Sterilization: Similar to predicate.Implied to be substantially equivalent (Page 1).
Packaging: Similar to predicate.Implied to be substantially equivalent (Page 1).
Labeling: Similar to predicate.Implied to be substantially equivalent (Page 1).

2. Sample Size Used for the Test Set and Data Provenance

This document is a 510(k) premarket notification for a medical device (an introducer system), not a data-driven AI/ML study. Therefore, there is no mention of a "test set" sample size or data provenance in the context of an algorithmic performance evaluation. The "performance testing" mentioned likely refers to bench testing, mechanical testing, and potentially animal studies to demonstrate physical equivalence and safety, but details are not provided in this summary.

3. Number of Experts Used to Establish Ground Truth for the Test Set and Qualifications

As this is not an AI/ML study, there is no mention of experts establishing a ground truth for an algorithmic test set. The assessment of "equivalence" is based on established engineering principles, regulatory standards, and comparison to the predicate device, not on expert consensus for data labeling.

4. Adjudication Method for the Test Set

Since there is no "test set" in the context of an AI/ML algorithm requiring ground truth, there is no adjudication method described.

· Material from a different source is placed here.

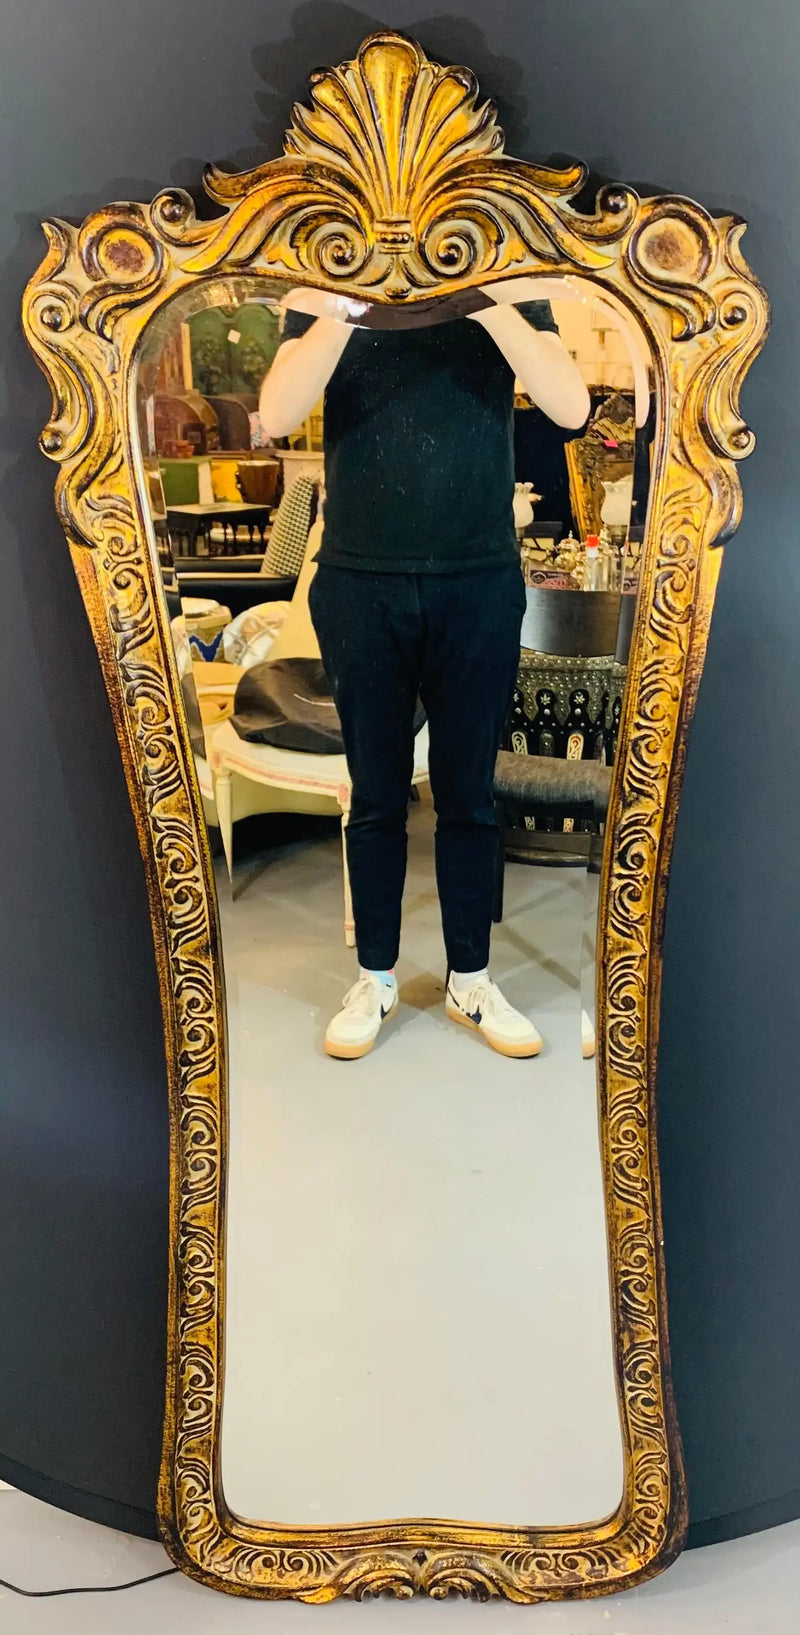 Regency Style Gilded Tall Wall or Dressing Mirror

5. Multi-Reader Multi-Case (MRMC) Comparative Effectiveness Study

There is no mention of an MRMC comparative effectiveness study. This type of study is relevant for evaluating the impact of AI assistance on human reader performance, which is not applicable to an introducer system.

6. Standalone (Algorithm Only) Performance Study

This is for a physical medical device, not an algorithm. Therefore, no standalone (algorithm only) performance study was conducted or is relevant here.

7. Type of Ground Truth Used

For this type of device, the "ground truth" for demonstrating safety and effectiveness would be based on:

  • Engineering specifications and standards: The device meeting its design requirements and relevant medical device standards.
  • Biocompatibility testing: Demonstrating the materials are safe for human contact.
  • Sterilization validation: Ensuring the device is sterile.
  • Performance testing: Bench testing to confirm mechanical properties and functionality.
  • Comparison to predicate device: The predicate device serves as the established "truth" of what is safe and effective in the market.

There is no "ground truth" in the AI/ML sense (e.g., pathology, outcomes data, expert consensus on imaging) for this device classification.

8. Sample Size for the Training Set

As this is not an AI/ML device, there is no "training set" sample size mentioned.

9. How the Ground Truth for the Training Set Was Established

Not applicable, as this is not an AI/ML device.

§ 870.1340 Catheter introducer.

(a)
Identification. A catheter introducer is a sheath used to facilitate placing a catheter through the skin into a vein or artery.(b)
Classification. Class II (performance standards).